(Data section)
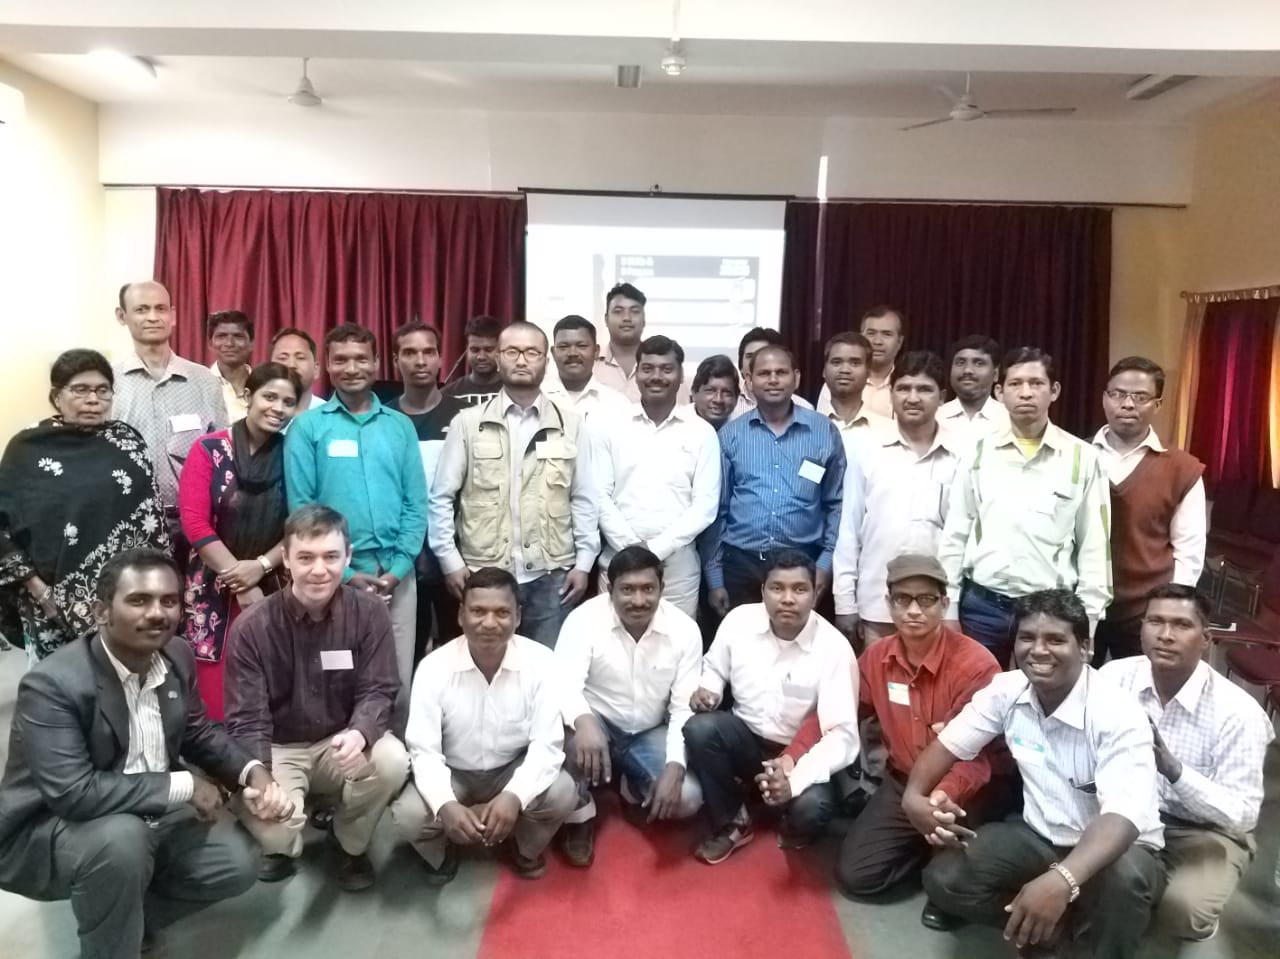 Feb 2019 India Discipleship Seminar 02.jpeg
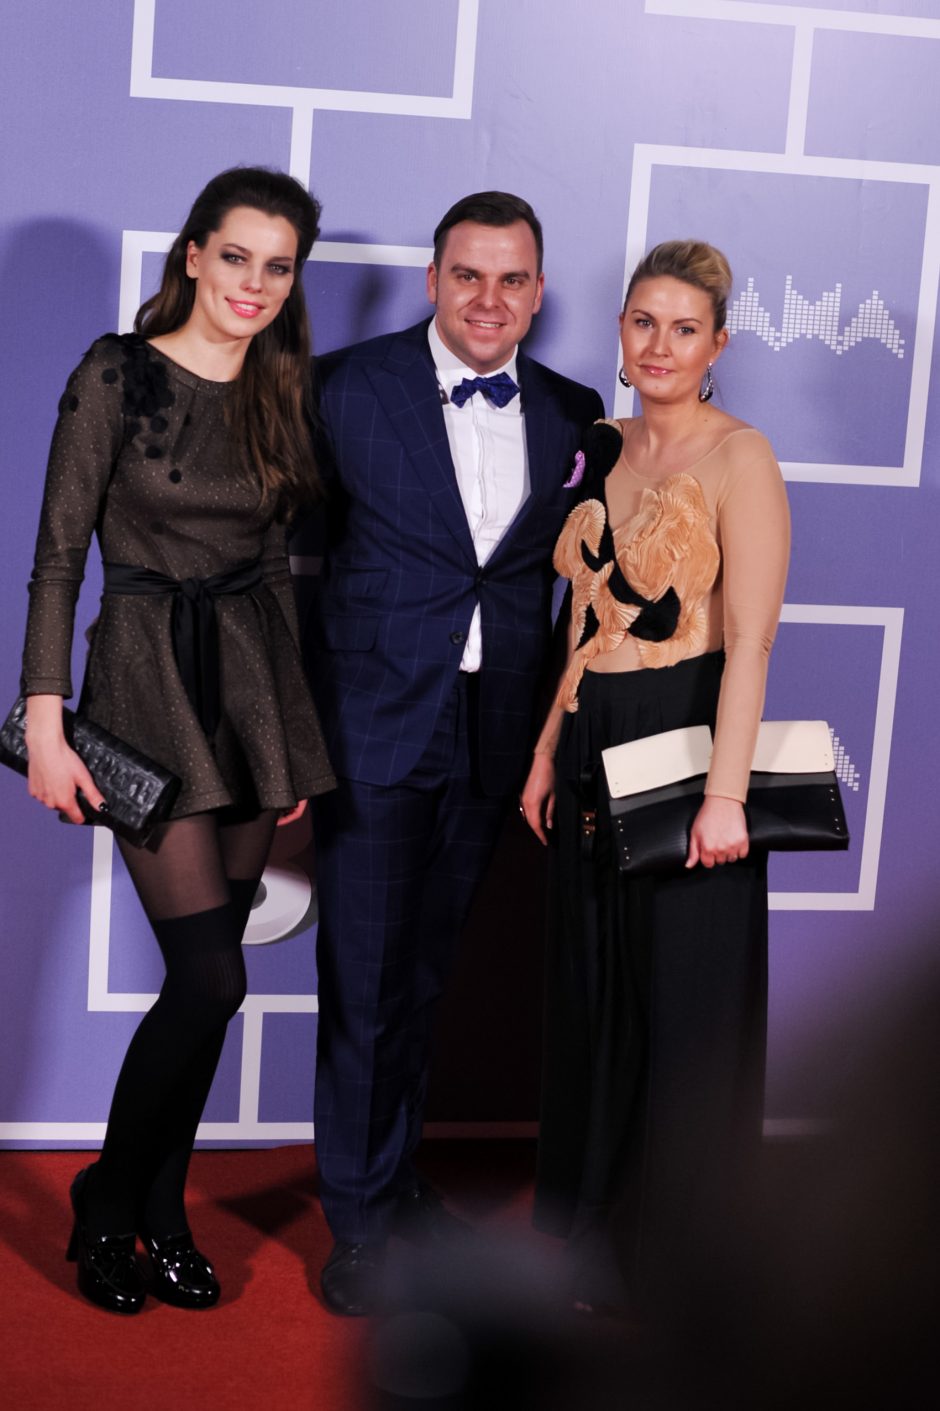 Lietuvos muzikos apdovanojimai M.A.M.A. 2013
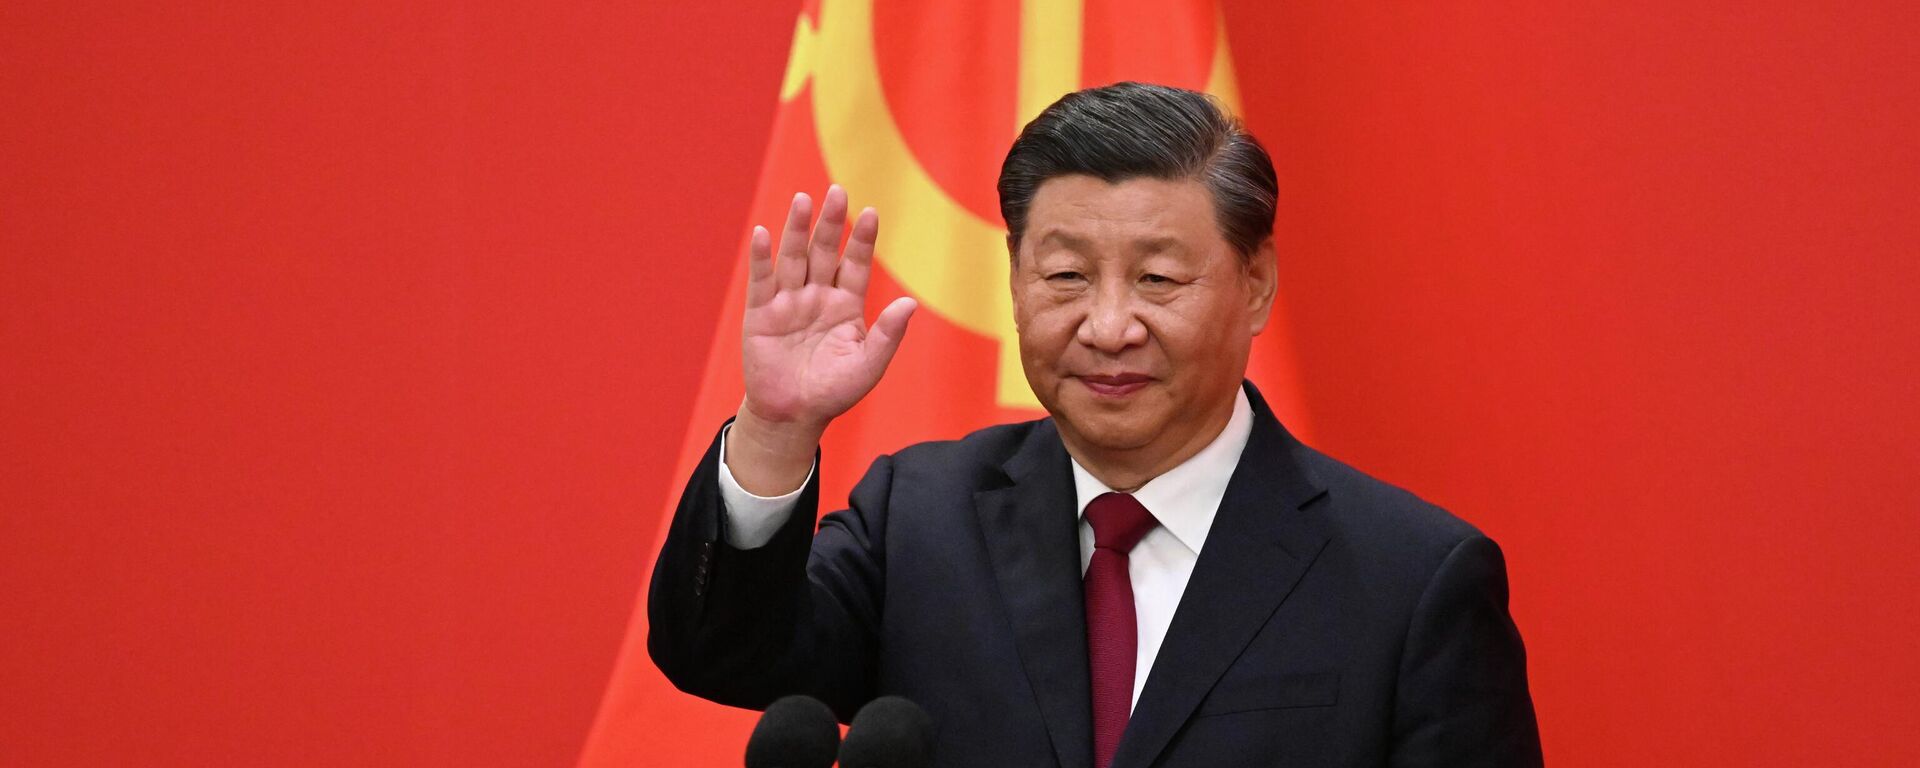 Xi Jinping, el mandatario chino, en el XX Congreso Nacional del Partido Comunista de China en el Gran Salón del Pueblo - Sputnik Mundo, 1920, 23.10.2022
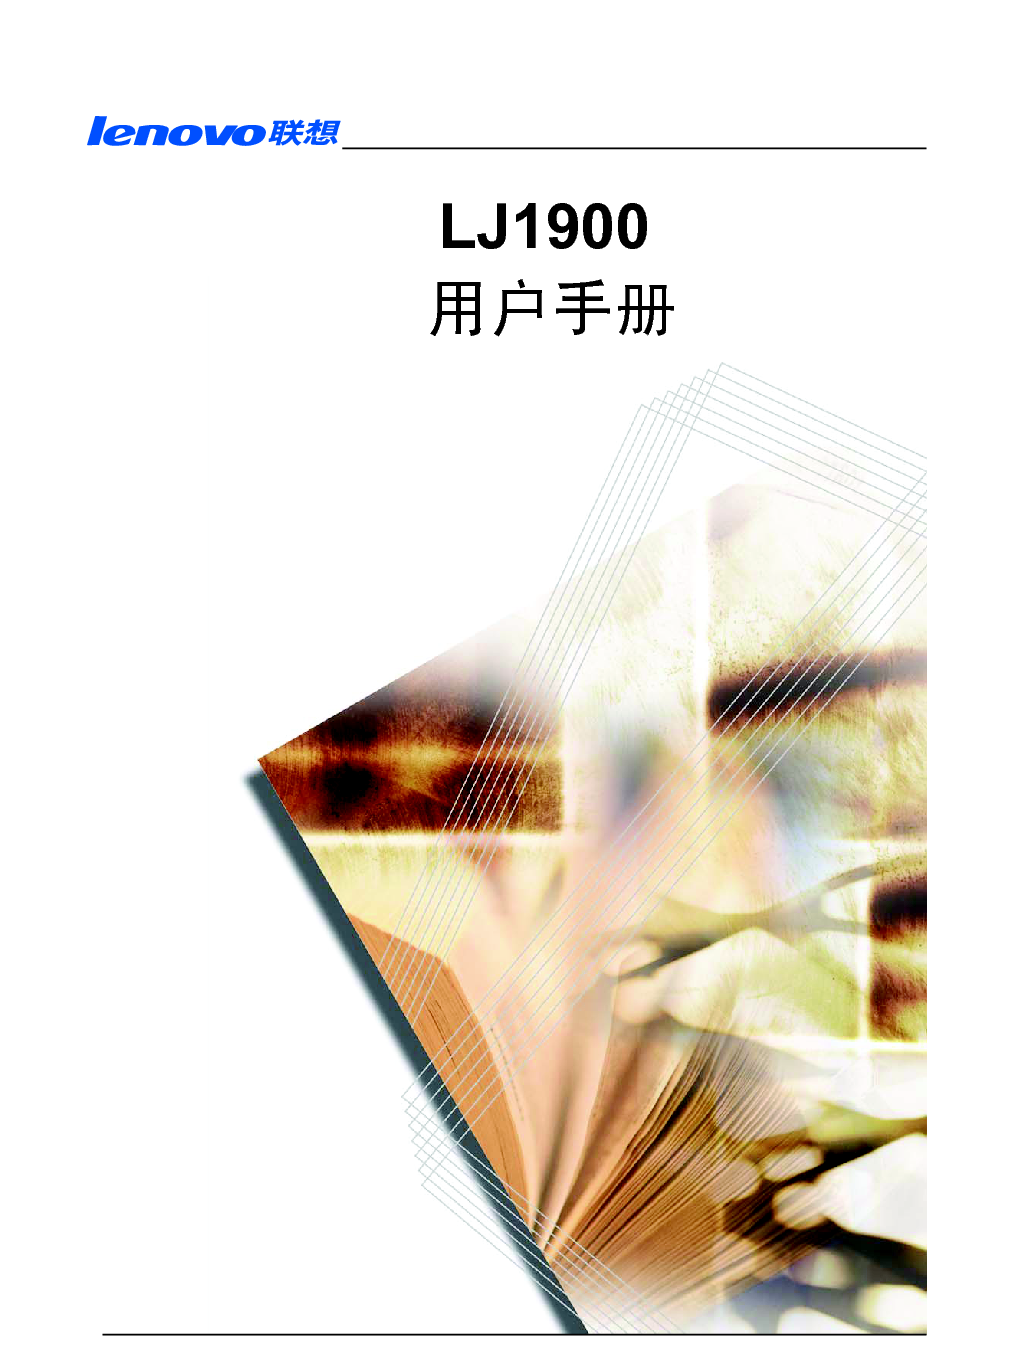 联想 Lenovo LJ1900 用户手册 封面
(End Data section)
Exercise prompt — Reproduce, word for word, the lines from the one containing "Lietuvos muzikos apdovanojimai M.A.M.A. 2013" through the final line above. Leave every picture out.

Reply —
 Lietuvos muzikos apdovanojimai M.A.M.A. 2013
 Xi Jinping, el mandatario chino, en el XX Congreso Nacional del Partido Comunista de China en el Gran Salón del Pueblo - Sputnik Mundo, 1920, 23.10.2022
 联想 Lenovo LJ1900 用户手册 封面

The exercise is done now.